## THE INPUT

*** Begin section ***

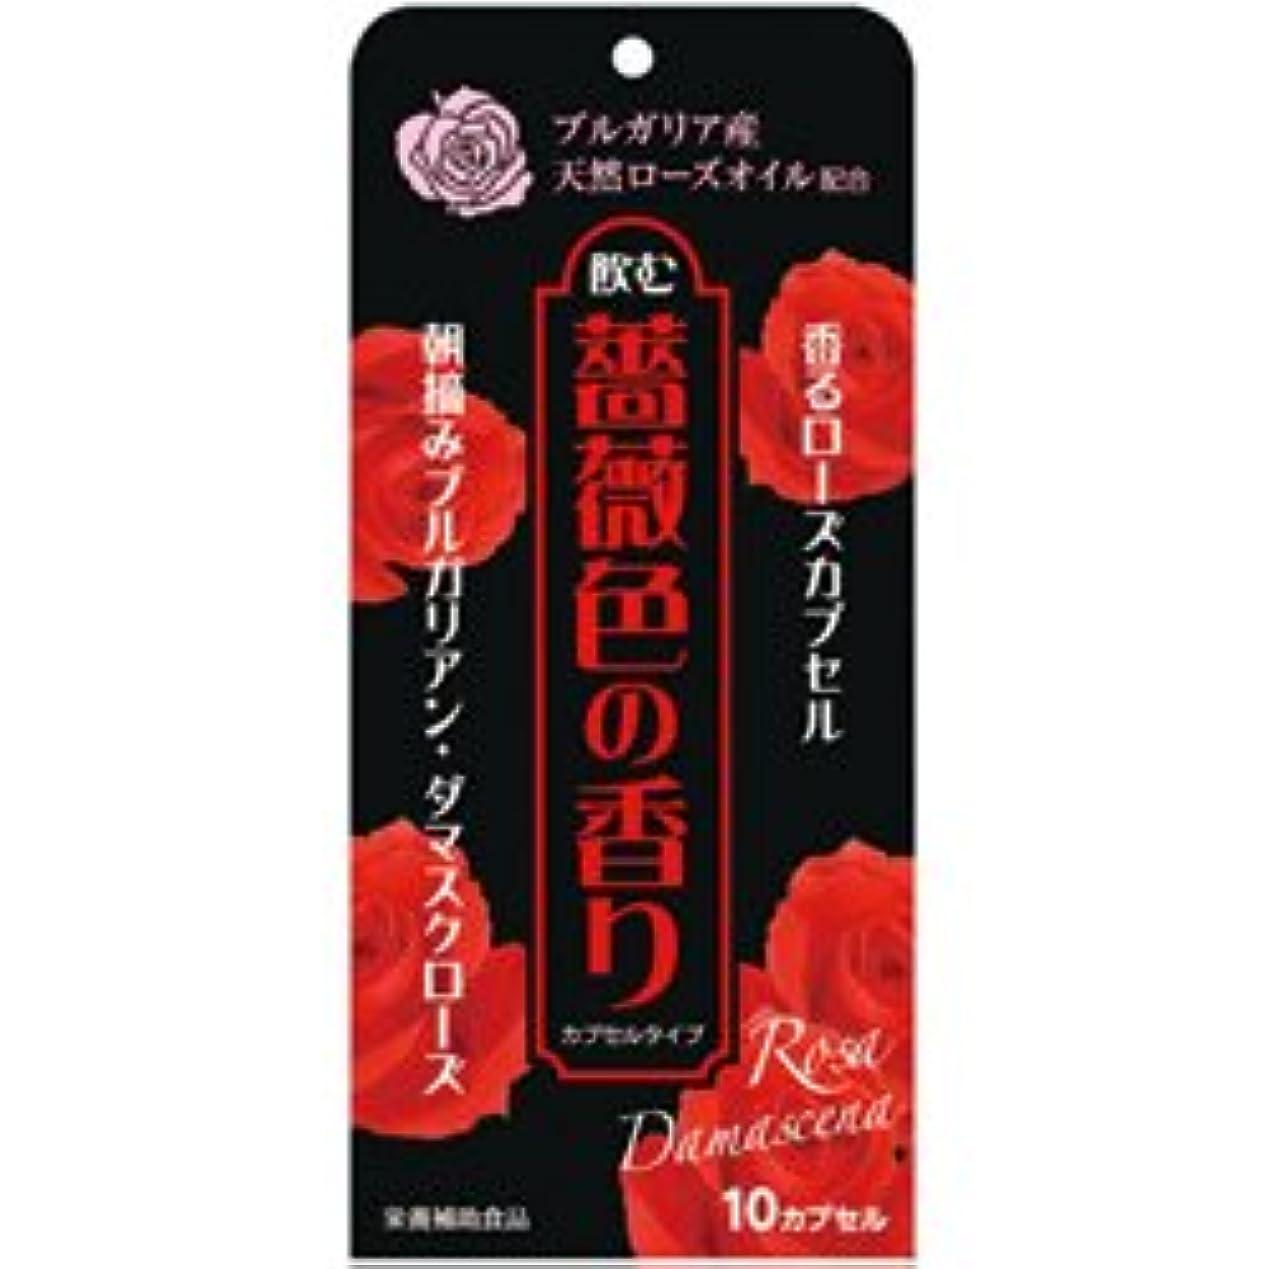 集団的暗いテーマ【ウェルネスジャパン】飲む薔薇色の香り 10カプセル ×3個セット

*** End section ***
*** Begin section ***

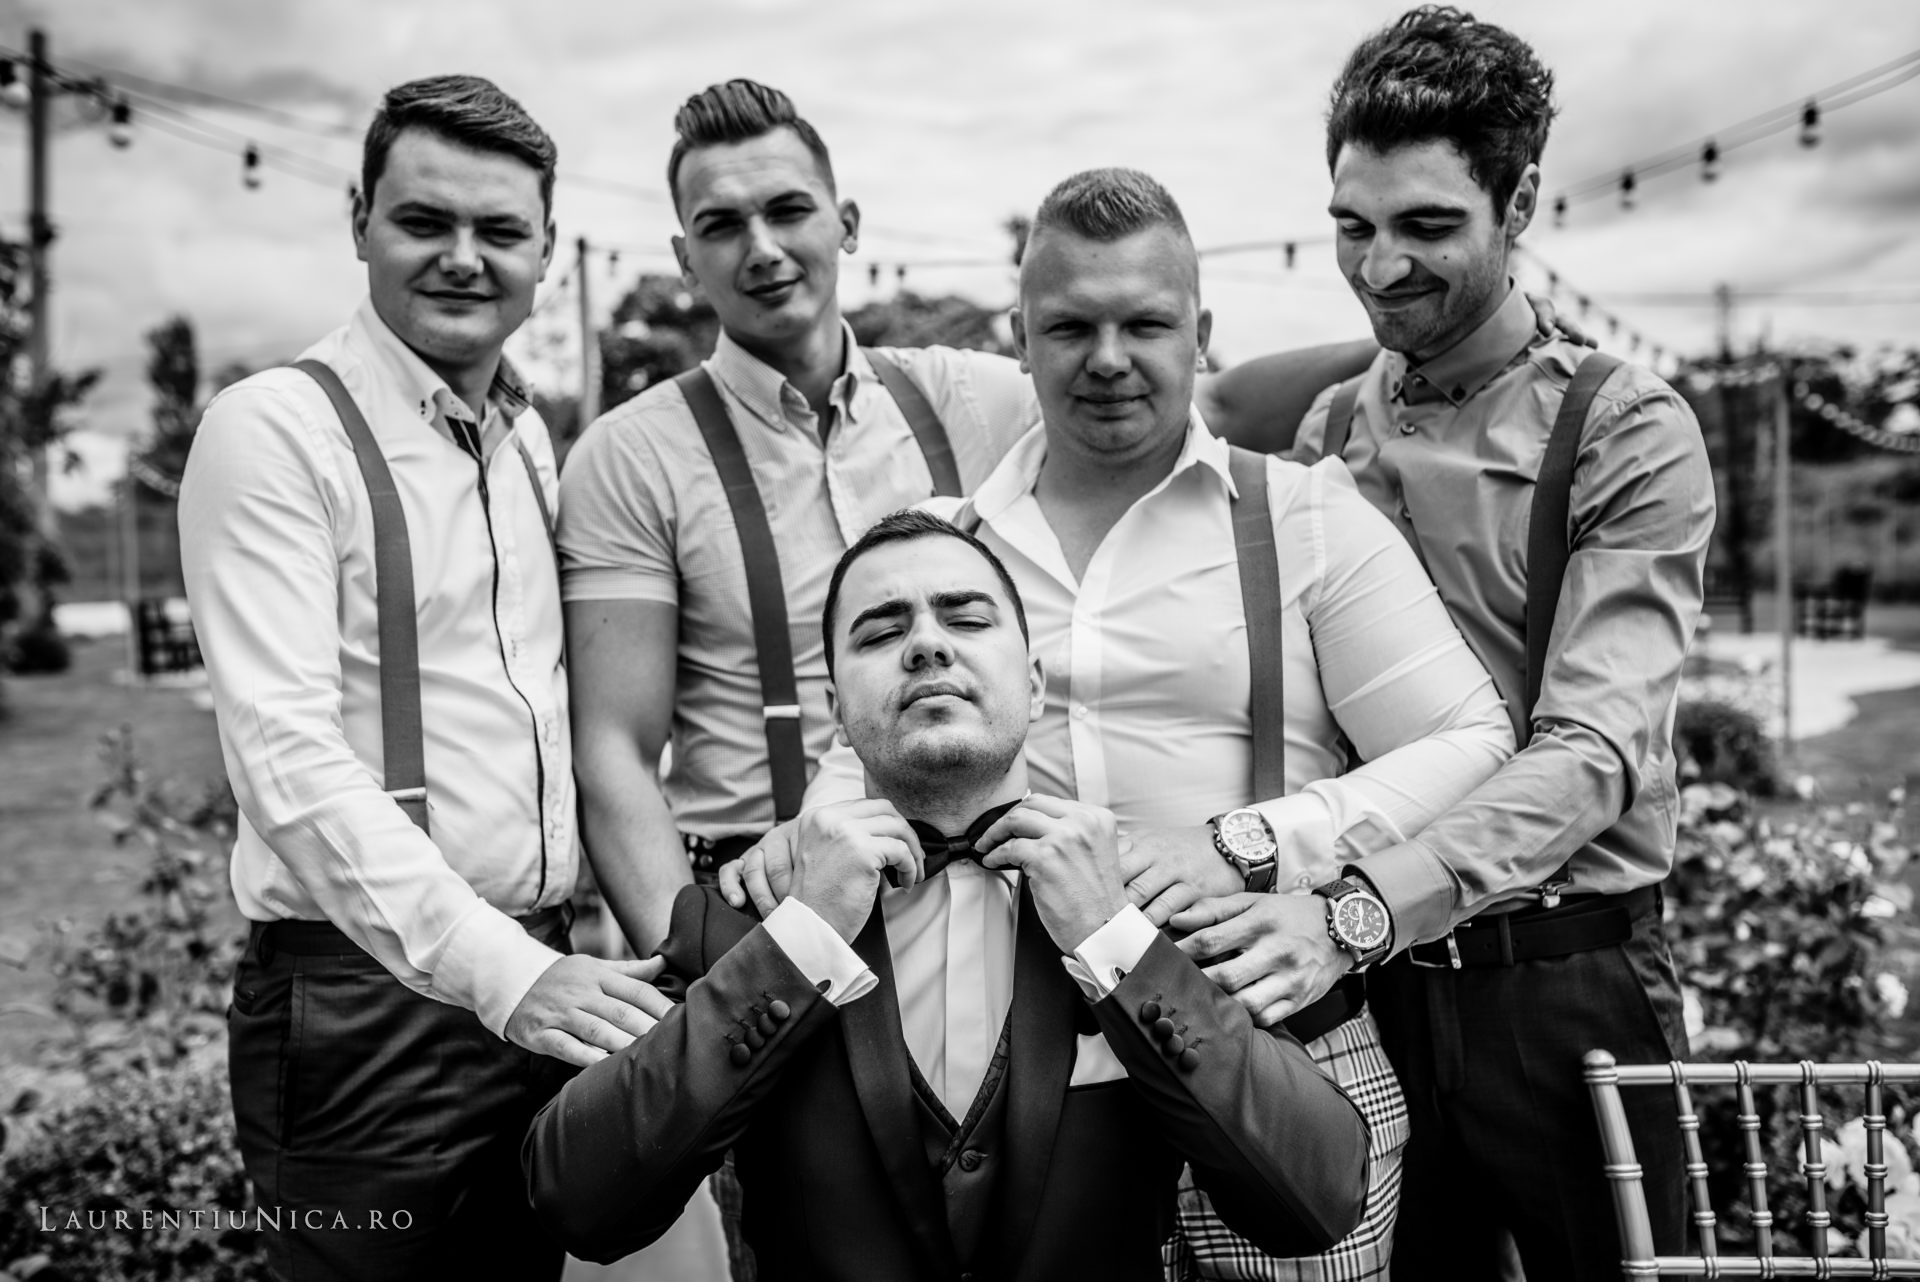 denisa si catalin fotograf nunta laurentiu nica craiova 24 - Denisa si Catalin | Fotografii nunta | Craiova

*** End section ***
*** Begin section ***

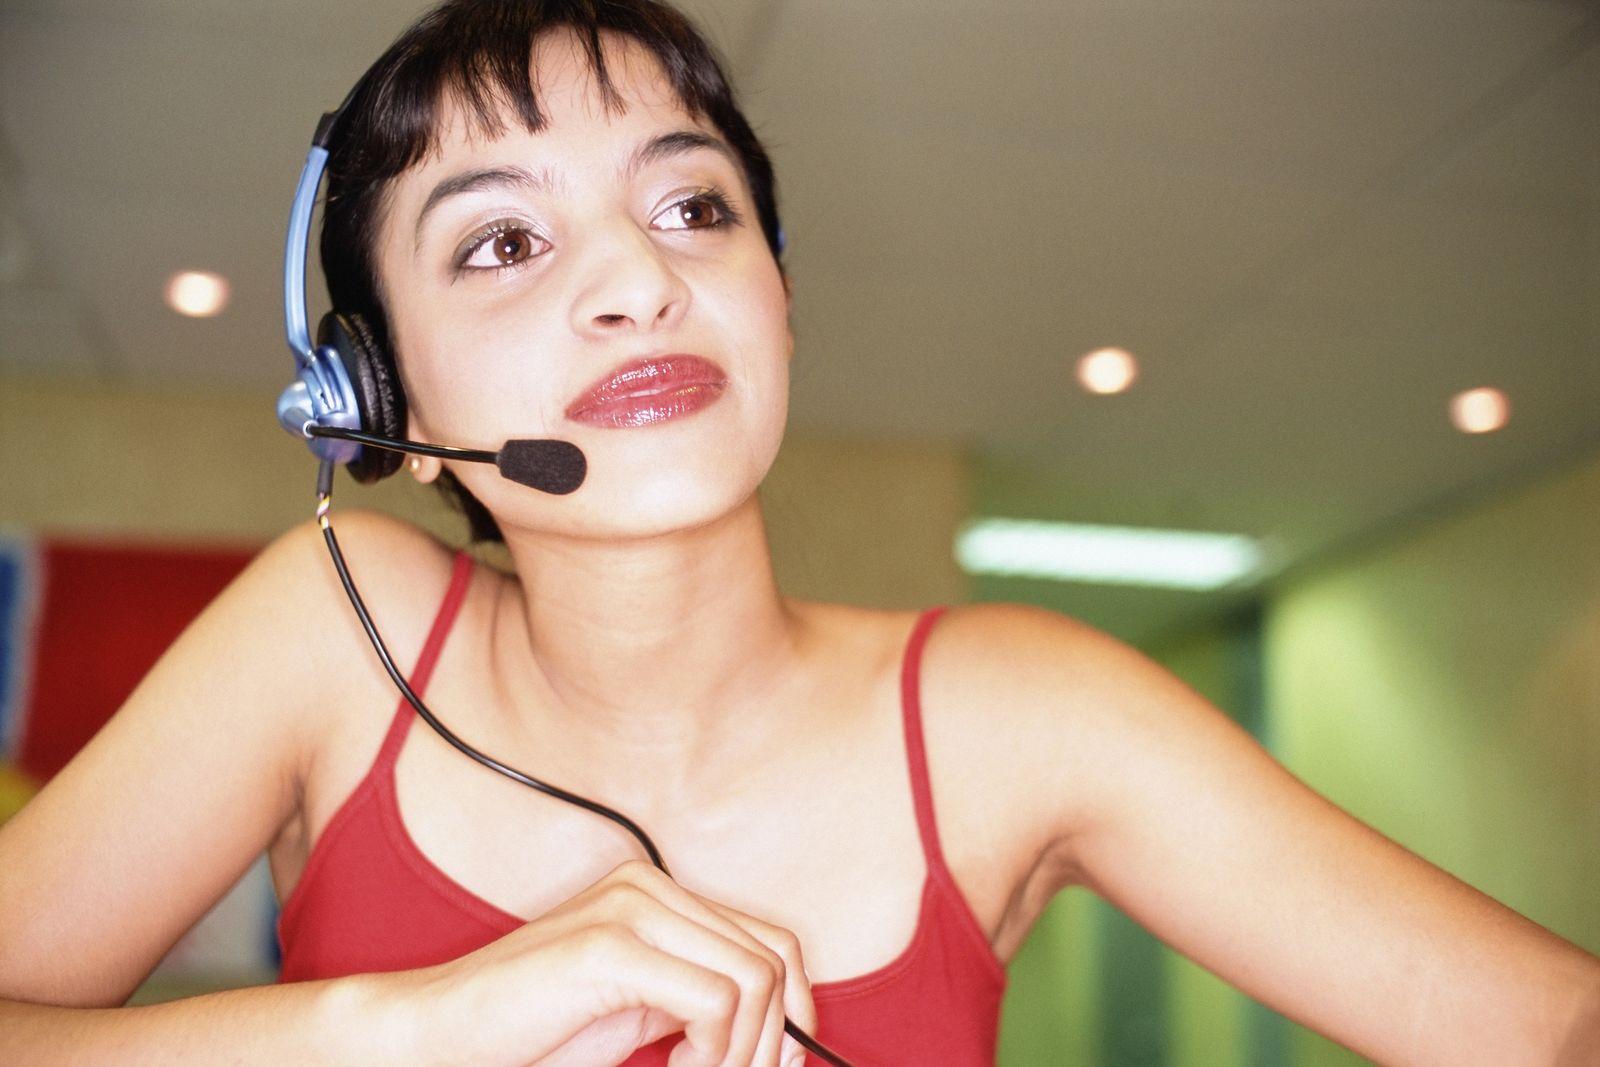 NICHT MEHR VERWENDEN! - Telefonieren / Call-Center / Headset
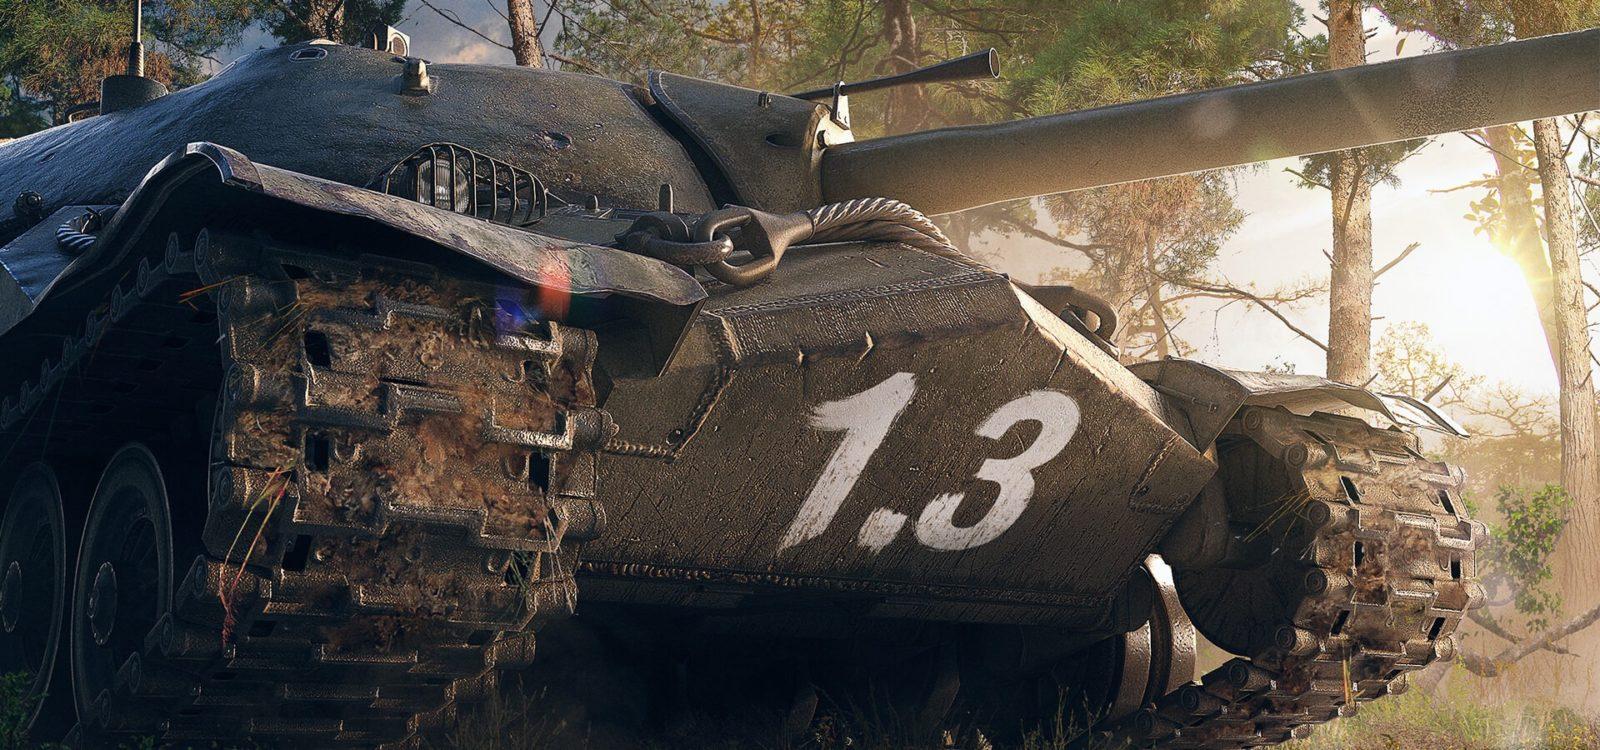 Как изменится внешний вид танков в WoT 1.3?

*** End section ***

## WHAT YOU HAVE TO DO
Write out exactly the lines above between the one with "NICHT MEHR VERWENDEN!" and the one with "Как изменится внешний вид танков в WoT 1.3?", inclusive, with pictures left out.

## OUTPUT
 NICHT MEHR VERWENDEN! - Telefonieren / Call-Center / Headset
 Как изменится внешний вид танков в WoT 1.3?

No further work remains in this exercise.